What types of damages can be awarded in a securities arbitration case?

In a securities arbitration case, damages may be awarded to compensate investors for losses that were caused by a broker or investment firm’s misconduct. Damages in a securities arbitration case may take the form of compensatory damages, or damages that are designed to make the investor “whole” again. These damages may consist of amounts to cover costs associated with the investment, such as commissions and fees, as well as the losses that resulted from the broker’s or firm’s wrongful conduct. Additionally, punitive damages may also be awarded in a securities arbitration case. Punitive damages are intended to punish the broker or firm for its misconduct and deter similar misconduct in the future. Receiving punitive damages is more rare than receiving compensatory damages, and the arbitration panel has discretion when deciding whether to award punitive damages. Under the California Securities Law, the arbitration panel may also award attorney’s fees and costs in cases where the investor is victorious.
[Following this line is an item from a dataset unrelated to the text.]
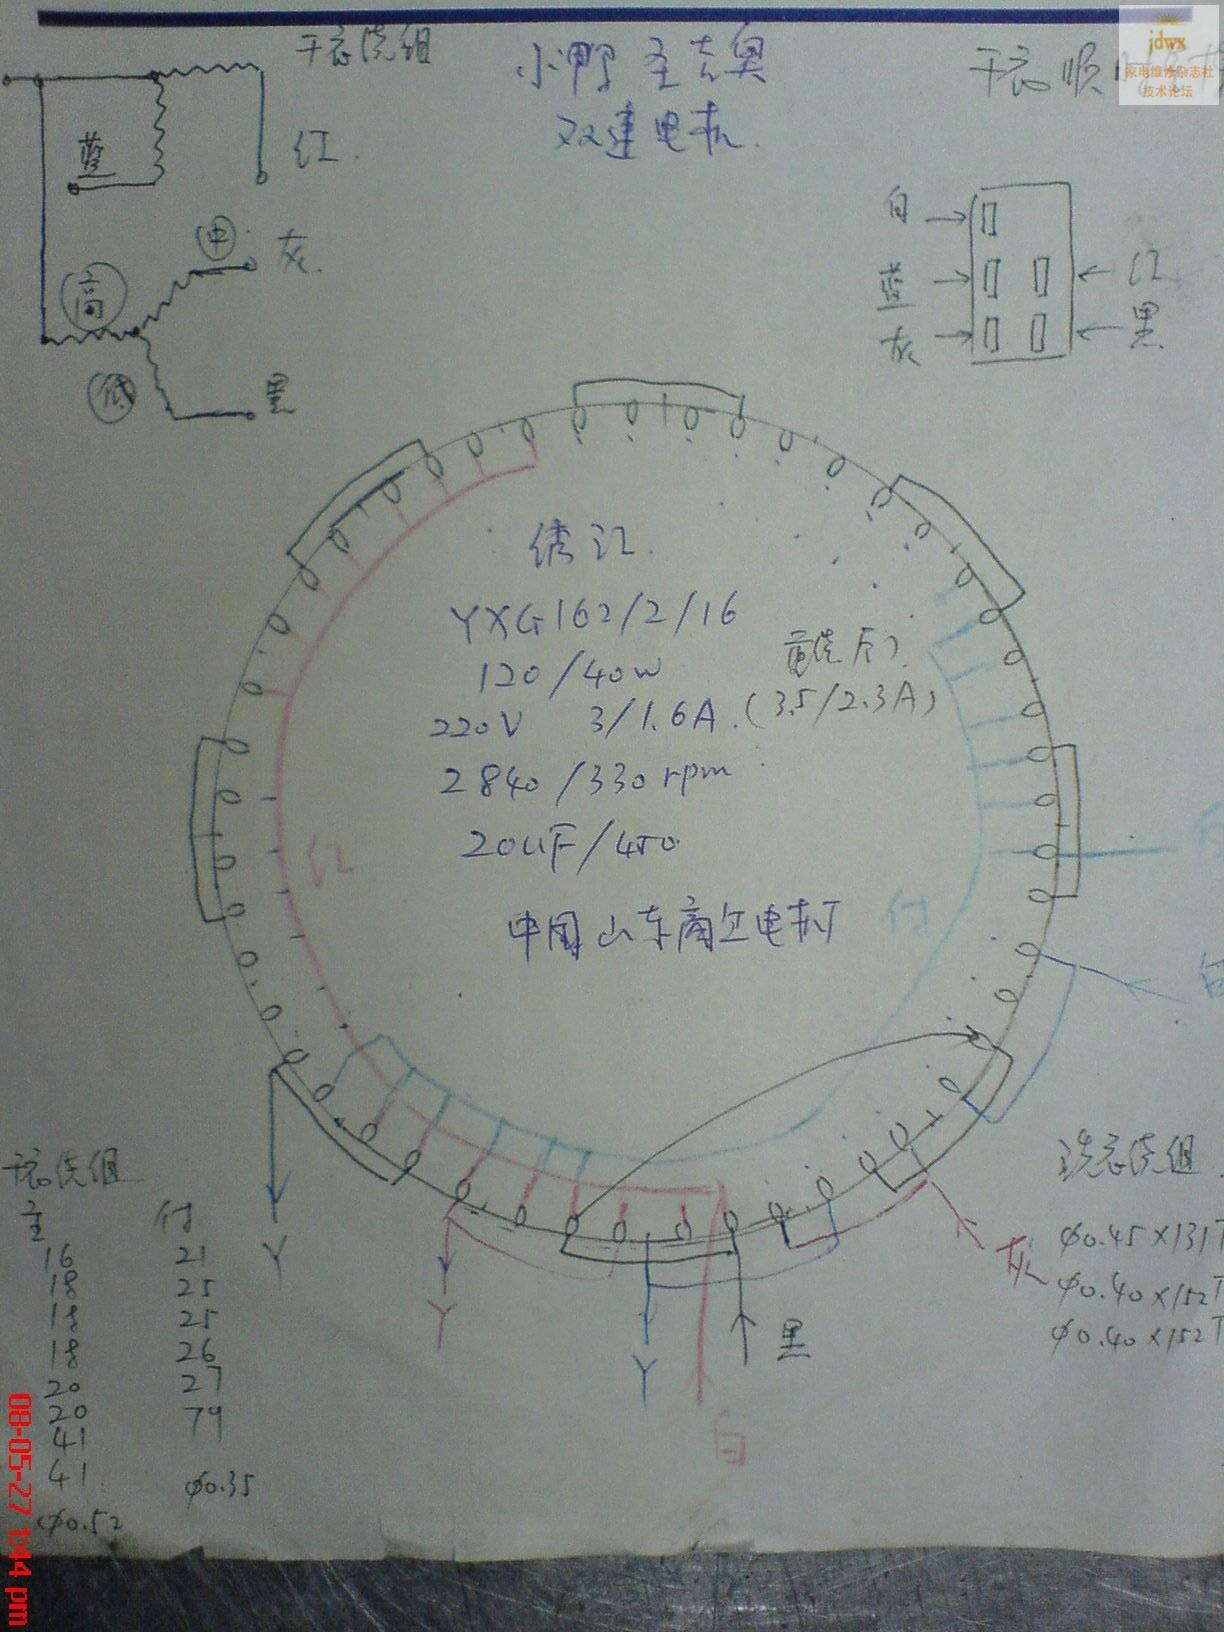 朋友的海尔滚筒洗衣机电机烧了,洗衣机型号:XQG50-AL600TXBS 电机是意大利产的:sole 型号:20572809 180/75W 2800/300r/min 20uf 450V 对应国产型号应该是:YXG162/2/12C1 本来这个电机买的到,因为从来没有修过这种电机想学习一下,有这个资料的朋友分享一下, 忘了说这个是48槽的电机联系QQ:304508384 注明电机 --------------------------------- 普通一对磁极电机,两套绕组.

These fees and costs can be very costly and investors should be aware that they are generally responsible for paying their own legal expenses. Additionally, depending on the circumstances, the arbitration panel may also award interest on the compensatory damages awarded to the investor. Interest will usually be calculated based on the investment’s rate of return or the average prime rate of interest. In some cases, the arbitration panel may also award other forms of relief, such as an injunction or rescission, which means unwinding the transaction or making it void. These types of relief are less common than damages, but can still be awarded by the panel when it is deemed appropriate.